--- Data records ---

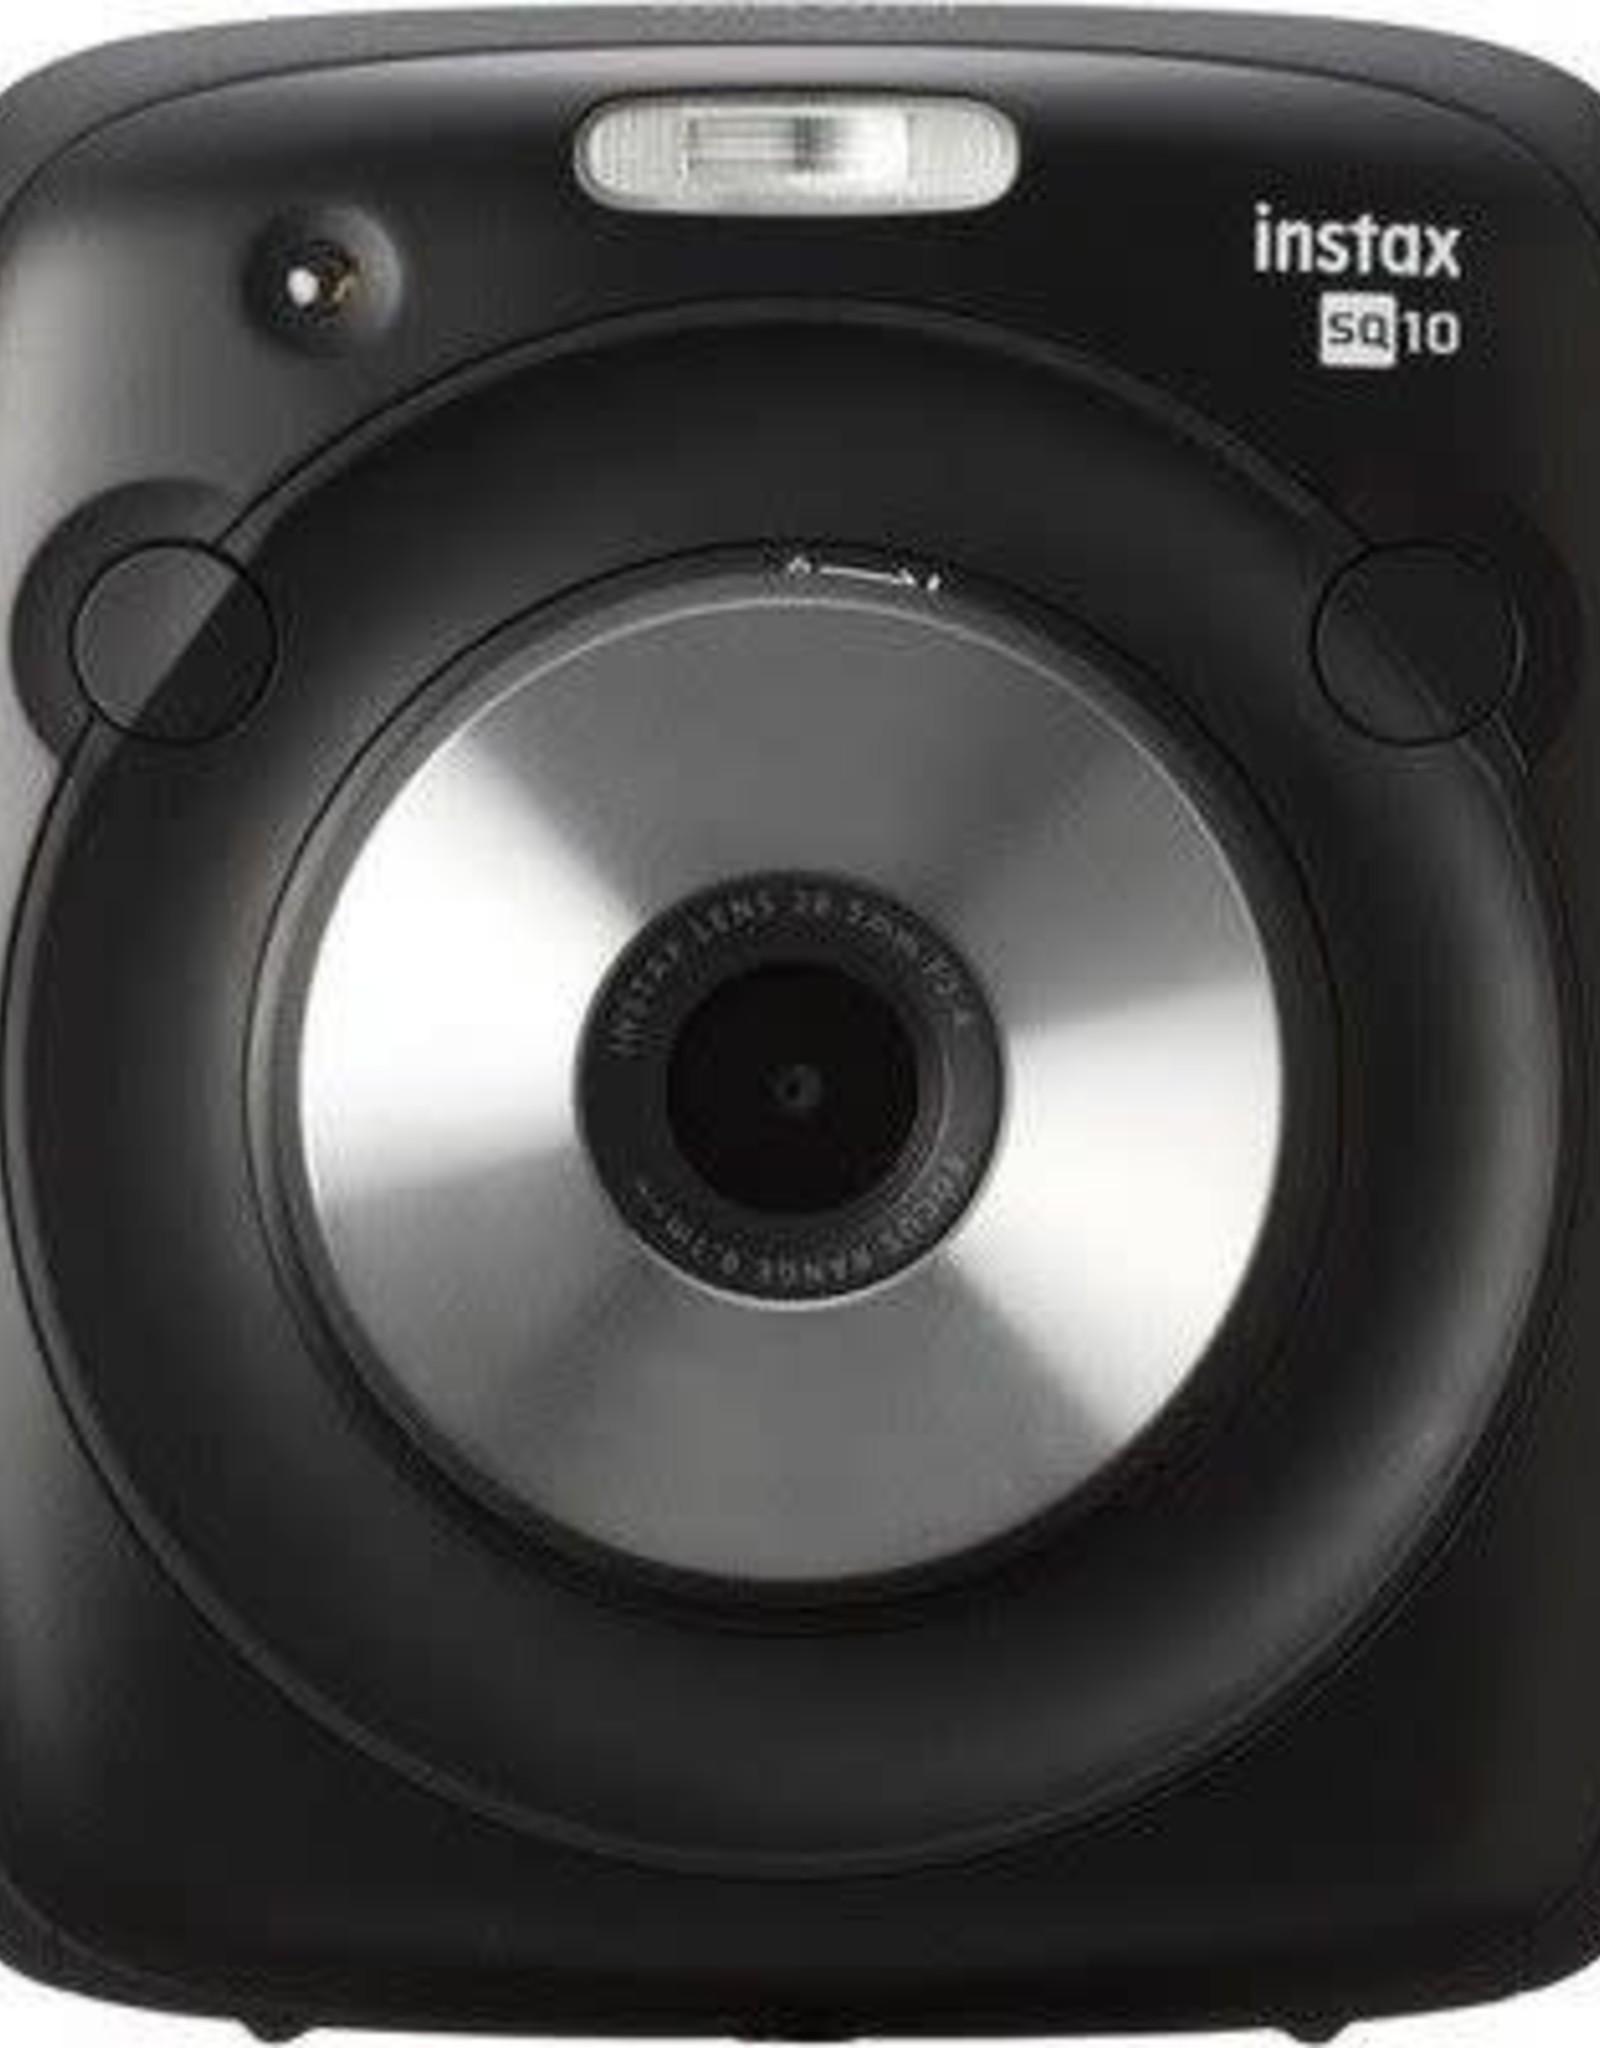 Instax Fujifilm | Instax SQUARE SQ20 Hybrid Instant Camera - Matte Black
==
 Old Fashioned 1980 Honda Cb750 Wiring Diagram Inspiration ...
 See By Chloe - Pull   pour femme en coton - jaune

--- Task directions ---
What you return should be exactly the lines above, starting at the one with "Old Fashioned 1980" and ending at the one with "See By Chloe", and nothing else.

--- Your response ---
 Old Fashioned 1980 Honda Cb750 Wiring Diagram Inspiration ...
 See By Chloe - Pull   pour femme en coton - jaune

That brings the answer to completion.